PROJECT TITLE :
Multi-objective Contextual Multi-armed Bandit With a Dominant Objective - 2018
We propose a replacement multi-objective contextual multi-armed bandit (MAB) downside with two objectives, where one of the objectives dominates the other objective. Within the proposed problem, the learner obtains a random reward vector, where each element of the reward vector corresponds to at least one of the objectives and therefore the distribution of the reward depends on the context that is provided to the learner at the start of every spherical. We tend to call this problem contextual multi-armed bandit with a dominant objective (CMAB-DO). In CMAB-DO, the goal of the learner is to maximise its total reward in the non-dominant objective whereas guaranteeing that it maximizes its total reward within the dominant objective.
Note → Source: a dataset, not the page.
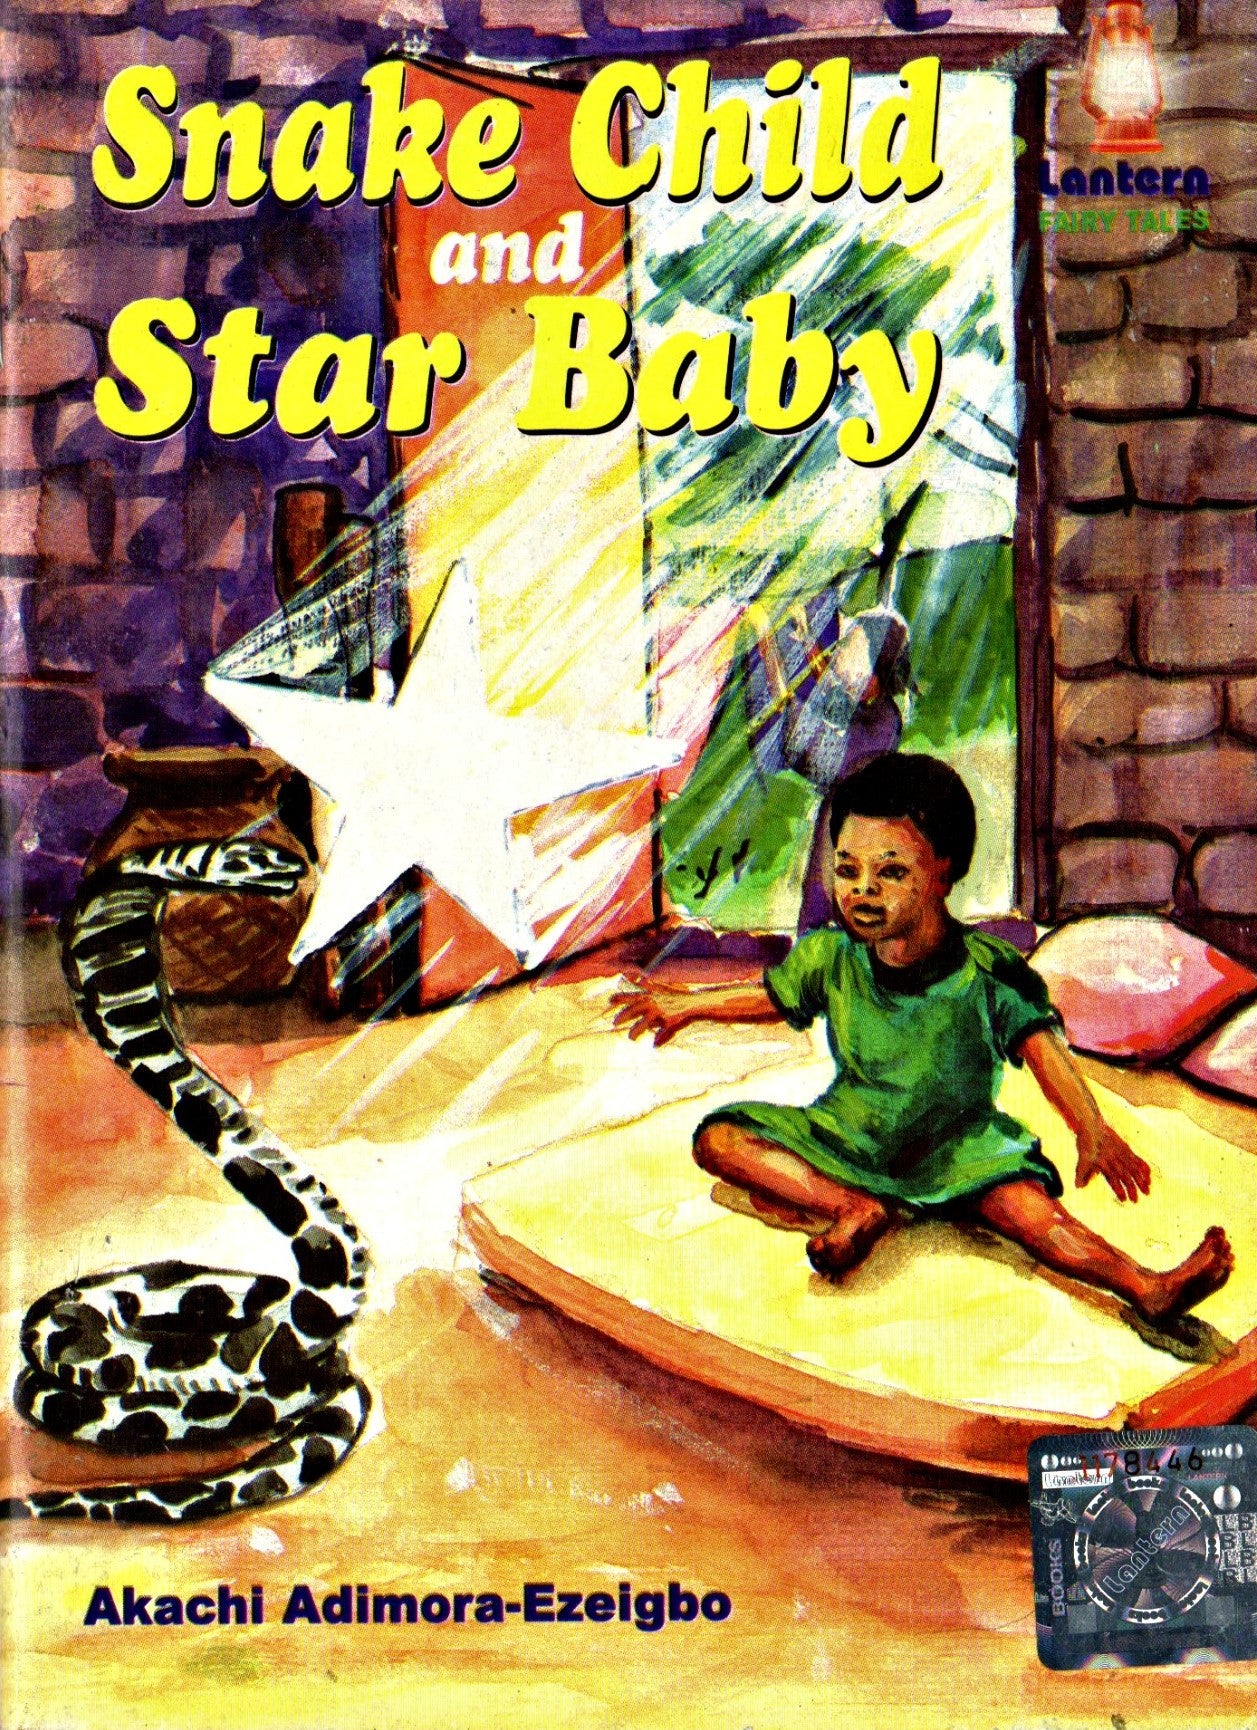 Snake Child and Star Baby - Akachi Adimora-Ezeigbo
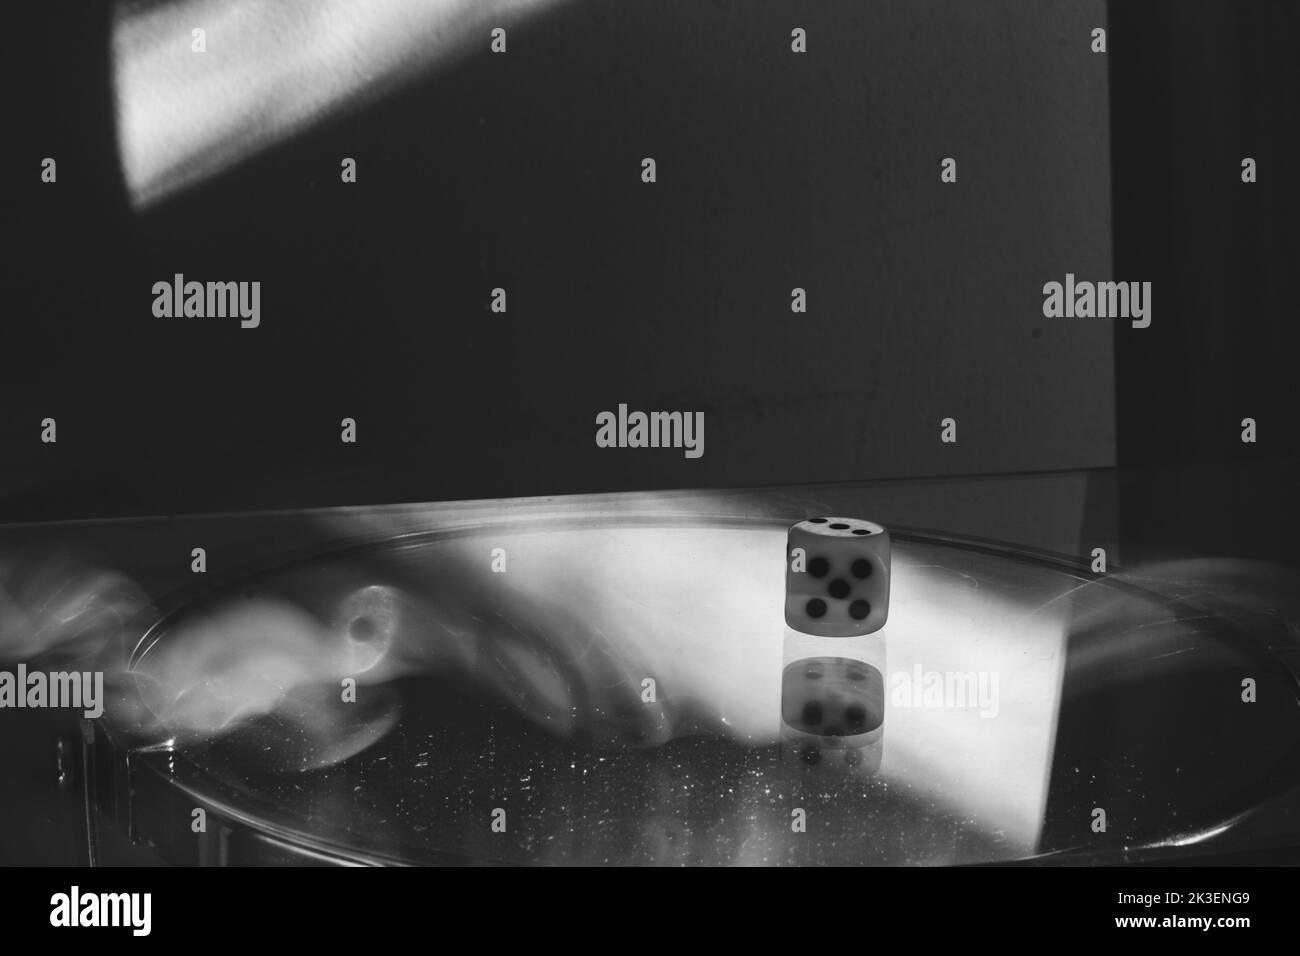 Une matrice à roulettes dont le numéro cinq est visible sur la surface en verre. Exposition longue avec lumière floue. Banque D'Images

During this case, the optimal arm given the context is the one that maximizes the expected reward in the non-dominant objective among all arms that maximize the expected reward within the dominant objective. Initial, we have a tendency to show that the optimal arm lies in the Pareto front. Then, we propose the multi-objective contextual multi-armed bandit algorithm (MOC-MAB), and outline 2 performance measures: the two-dimensional (2d) regret and the Pareto regret. We have a tendency to show that each the 2nd regret and the Pareto regret of MOC-MAB are sublinear in the quantity of rounds. We have a tendency to also compare the performance of the proposed algorithm with other state-of-the-art strategies in synthetic and real-world datasets. The proposed model and also the algorithm have a wide range of real-world applications that involve multiple and presumably conflicting objectives starting from wireless communication to medical diagnosis and recommender systems.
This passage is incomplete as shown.